In an area marked by time and depopulation, the proposal does not limit itself to intervening on the built environment, but intends to rewrite a dialogue between matter, landscape and community. The goal is to restore meaning and identity, mending the urban fabric and opening up new possibilities for relationships between the inhabited area and the surrounding environment.
There are two main interventions, both conceived as landscape devices: the belvedere of via Mannu, suspended over the void of the Riu Pardu valley, and the redefinition of via Mazzini, which finds a new urban measure in the design of the ground.
In via Mazzini, the project restores dignity through a new mineral skin. The road surface, made of beaten concrete, defines a material continuity capable of dialoguing with the context, while the sidewalk becomes a sensitive element: paved in washed stone with Orosei marble aggregates, delimited by basalt stone kerbs, it is structured around the existing trees, welcomed in light flowerbeds that become part of the story.
The light – discreet, grazing, recessed – accompanies the step, transforms the everyday into gesture, suggests presence without imposing itself.
The viewpoint on Via Mannu is instead a gesture of subtraction: the removed asphalt leaves room for a new material that, without rhetoric, reconstructs the visual relationship with the valley. A minimal but dense space that restores the centrality of the landscape.
The guiding principles of the project – flexibility, sustainability, durability – translate into concrete choices. The material is treated as an element of narration: the architectural concrete with exposed aggregates is not just a finish, but an ecological device, made with processing waste to reduce the consumption of natural resources.
The monolithic furnishings – essential, solid – are designed to resist time, use, vandalism, reducing maintenance to a minimum.

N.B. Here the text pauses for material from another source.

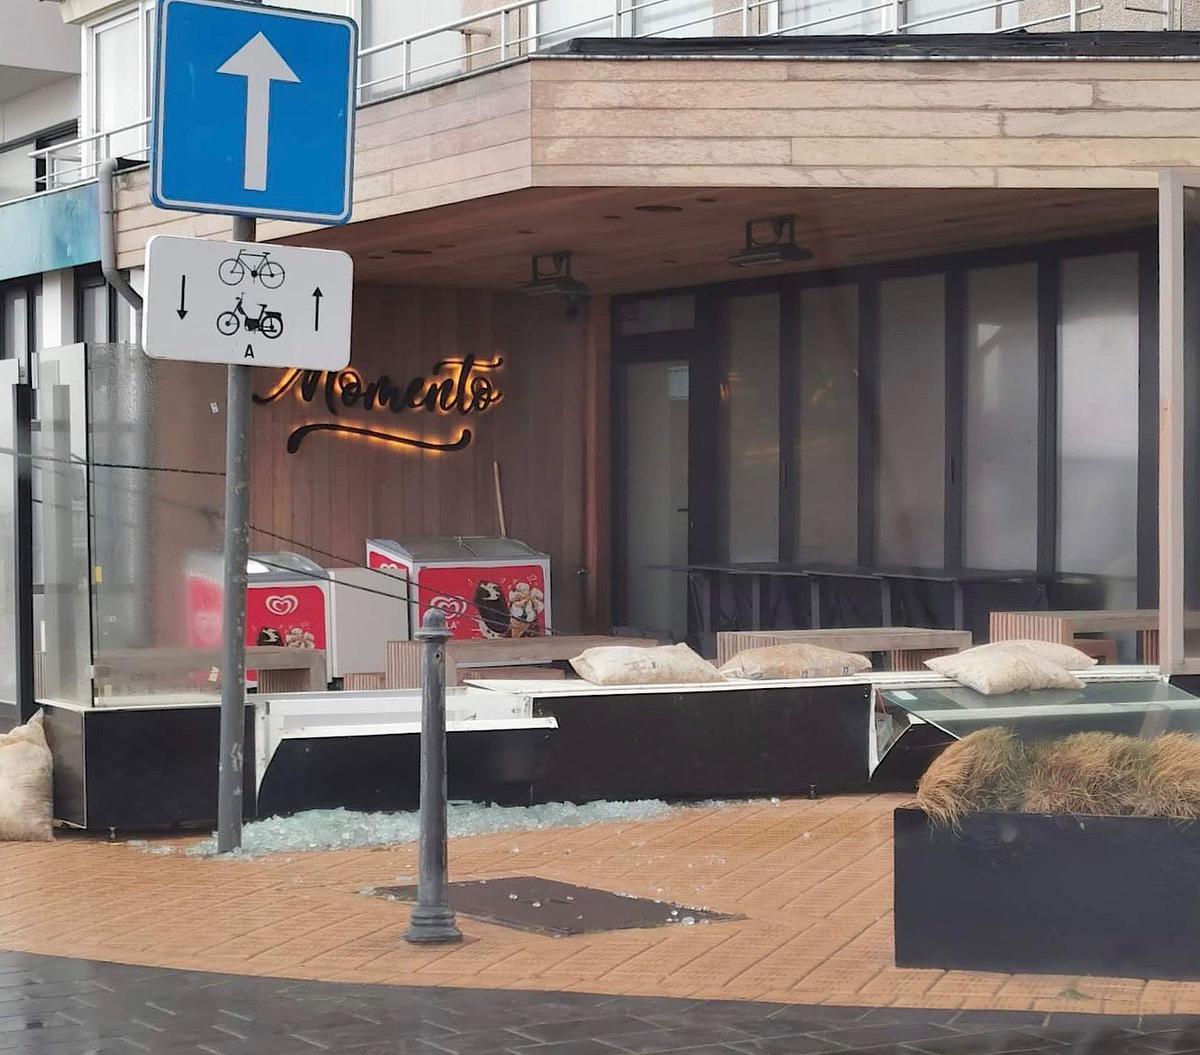 Ook bij bistro Momento in Mariakerke was de schade groot., foto DJ

The vegetation, chosen among the native species, is not decoration but an active part of the system. The flowerbeds and green areas become ecological infrastructures that reduce the need for water and affirm a precise desire for respect and integration with the territory.
In this project, the village is not just a place, but a possibility. An urban landscape that, despite its small size, aspires to rebuild a collective sense of space. A new balance between man, architecture and nature.